Now I was getting somewhere. The histogram looked like an exponential distribution. I could have read the article and tried to determine λ to within some confidence interval, in effect testing the hypothesis that the differences were indeed exponentially distributed; or I could try fitting an exponential to the data to see if it would lead me to somewhere.
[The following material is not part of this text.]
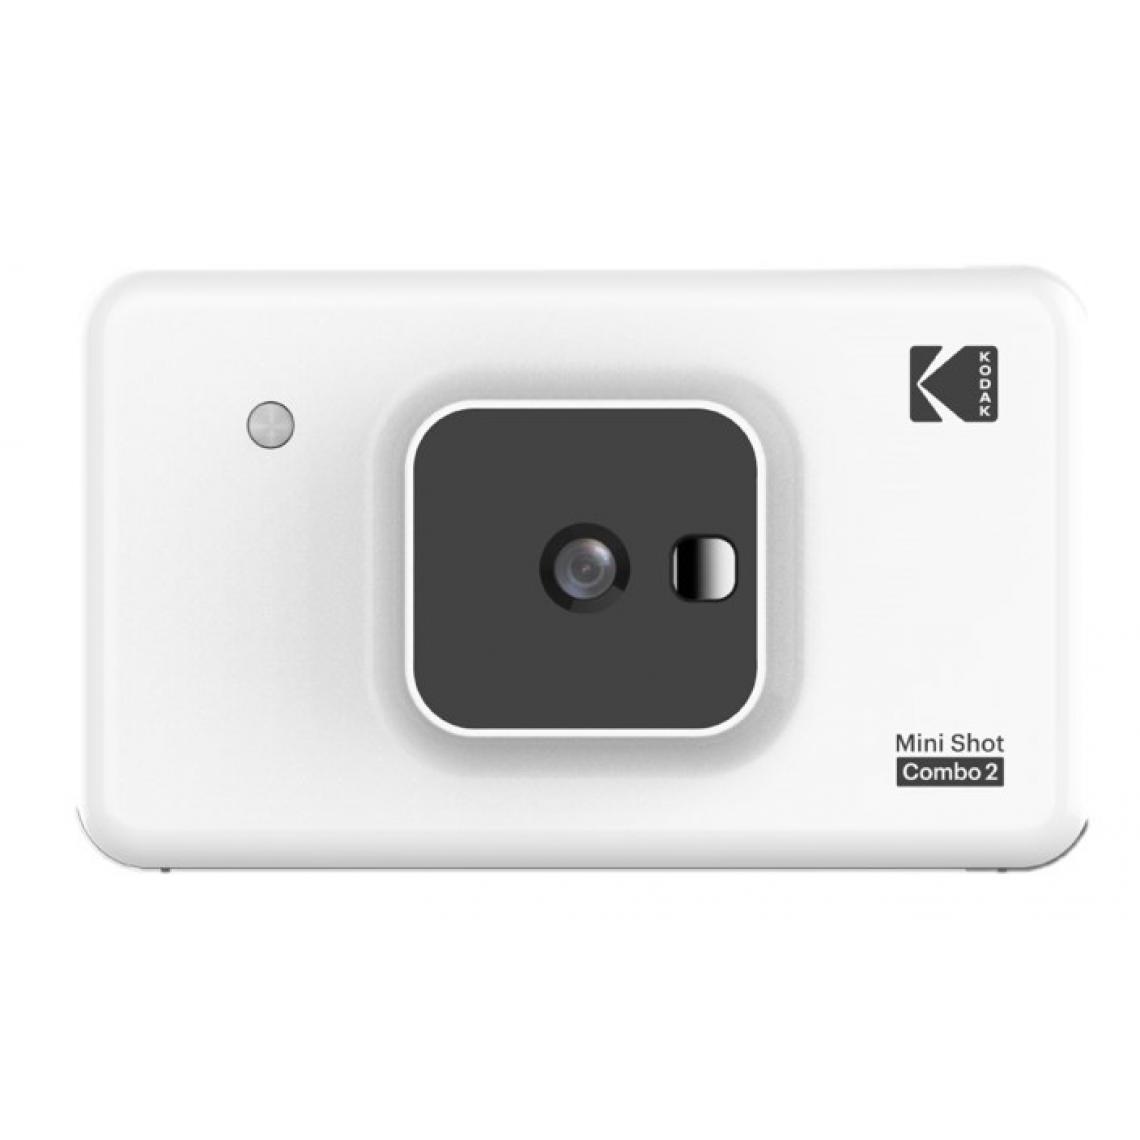 Kodak - KODAK Mini Shot Combo 2 C210 - Appareil Photo Instantané (Photo format Carte de Crédit 5,3 x 8,6 cm - 2,1 x 3,4 '', Écran LCD 1,7'', Bluetooth, Batterie Lithium, Sublimation Thermique 4Pass, 8 photos incluses) Blanc-Blanc-2.1 x 3.4'' - Appareil compact
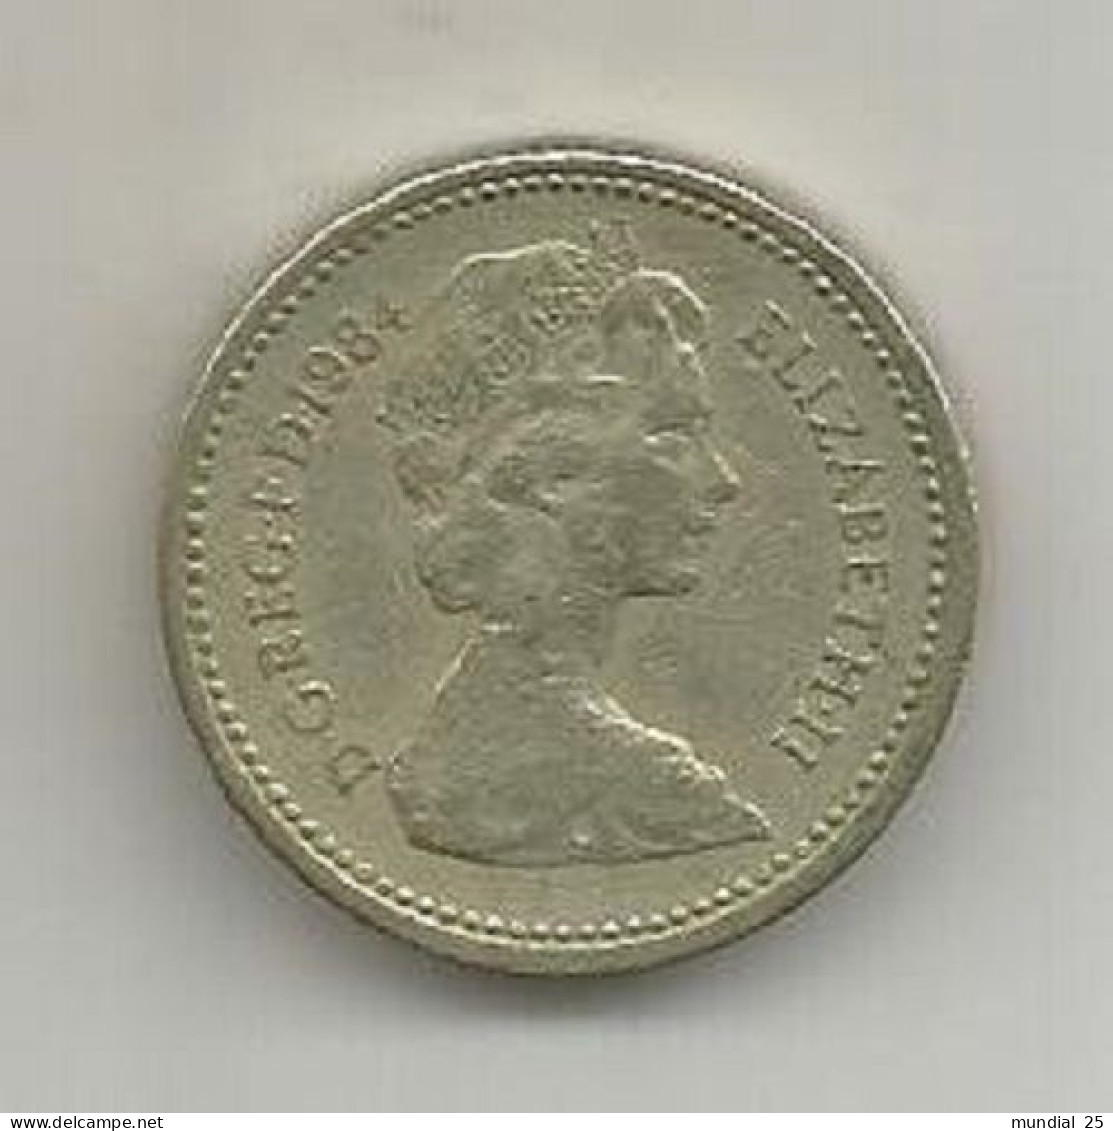 GREAT BRITAIN 1 POUND 1984 - 1 Pound

This is what I finally tried:

```j = hist[100, rnd2];

FindFit[j, a k Exp[-k x], {a, k}, x]
{a -> 10420.3, k -> 0.0990637}
```

A reasonable fit: the a⋅e is approximately 10,000, the number of points. To really see how good the fit was I needed, however, a picture:

```Plot[Evaluate[ a k Exp[-k x] /. %], {x, 0, 50},
Epilog -> MapIndexed[Point[{#2[], #1}]&, j]]
```

Very tight fit, indeed. With this, I could directly generate a monotone sequence with the right distribution of jumps, in one pass without having to sort:

```rnd3[n_Integer?Positive] :=
scale[Accumulate[Array[-Log[1 - RandomReal]/n&, n]]]
```

(I used the standard algorithm to generate an exponentially distributed variate.) Graphically, there was no appreciable qualitative difference between `rnd2` and `rnd3`:

```ListLinePlot[rnd3, PlotRange -> All]
```

And the histogram, as I expected it would be by construction, was likewise similar:

```ListLinePlot[hist[50, rnd3], PlotRange -> All]
```

I was initially quite satisfied after this hands-on approach to discovering the right algorithm. This satisfaction would prove to be ephemeral, as I realized none of this explained the why. Maybe it's time to consult The Art of Computer Programming, but that would be for another post.